А вокруг, по обе стороны дороги, местные землепашцы возились на рисовых плантациях. Так сказала Лона, сам я не отличил бы рисовые от перловых. И у некоторых из крестьян были лошади. По стати и размерам они здорово уступали нашим, зато не обращали внимания на дождь. Я тут же вспомнил дилижанс в Гроссфлюсе и кебы в Гибралтаре, там лошади тоже спокойно относились к дождю. Я для себя отметил, что если дома буду выступать на скачках, нужно выбирать дни без дождя.

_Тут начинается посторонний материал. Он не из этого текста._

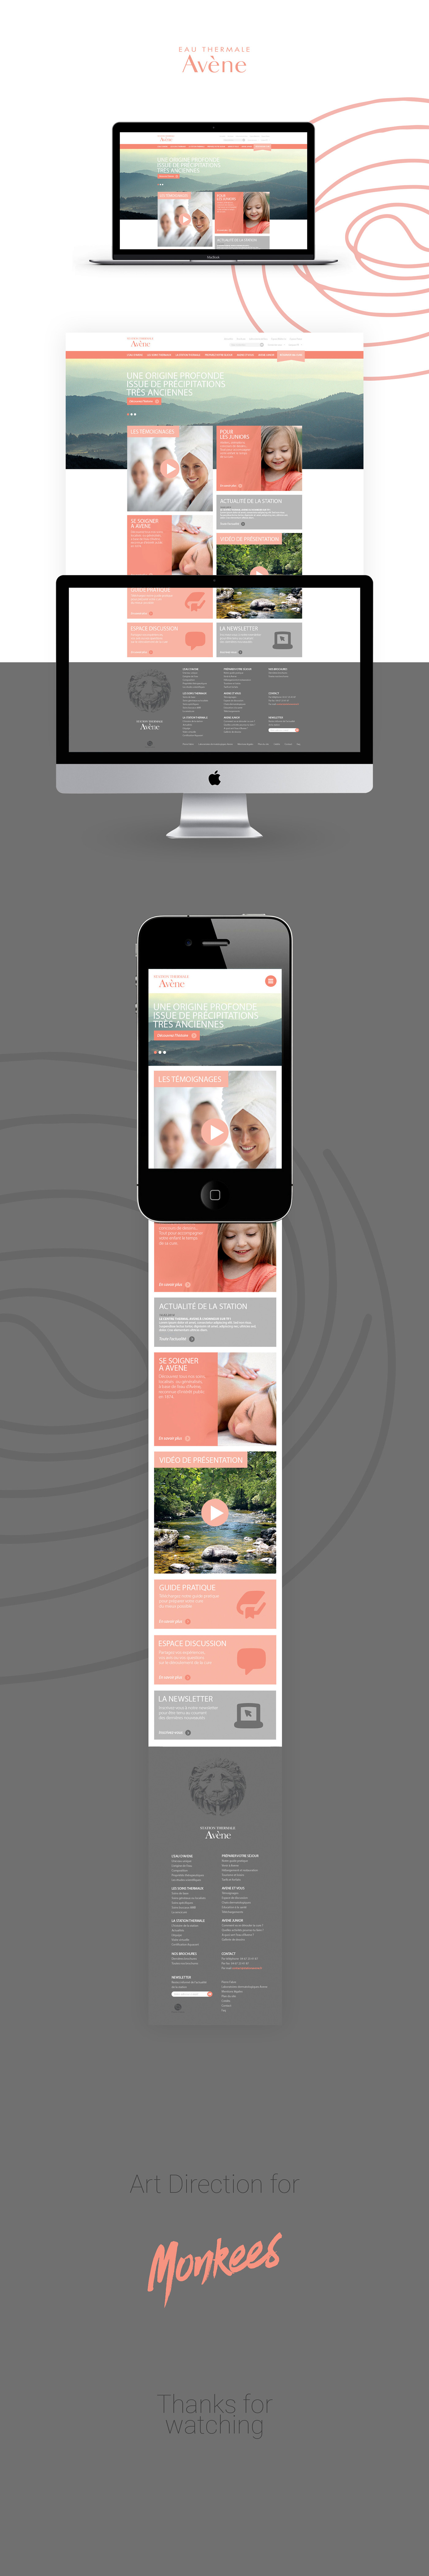 ArtDirection avene design directionartistique graphic HTML pierrefabre Web Webdesign

Тех крестьян, что были поближе, мы пытались спросить, далеко ли до порта. Большинство из них нас не понимали, только один ответил "Порт есть не работать", и тут же зашлёпал по воде прочь от трассы. Жеребцы с понуро опущенными головами медленно брели вперёд, мы с Лоной потихоньку мокли, несмотря на непромокаемые плащи, а впереди дальше двадцати шагов ничего не было видно за непроницаемой стеной дождя. Я сбился со счёта, сколько раз пожалел, что послушал Лону и не остановился на ночлег возле того закрытого отеля. Казалось, мы едем по кругу, хоть я и постоянно смотрел на компас.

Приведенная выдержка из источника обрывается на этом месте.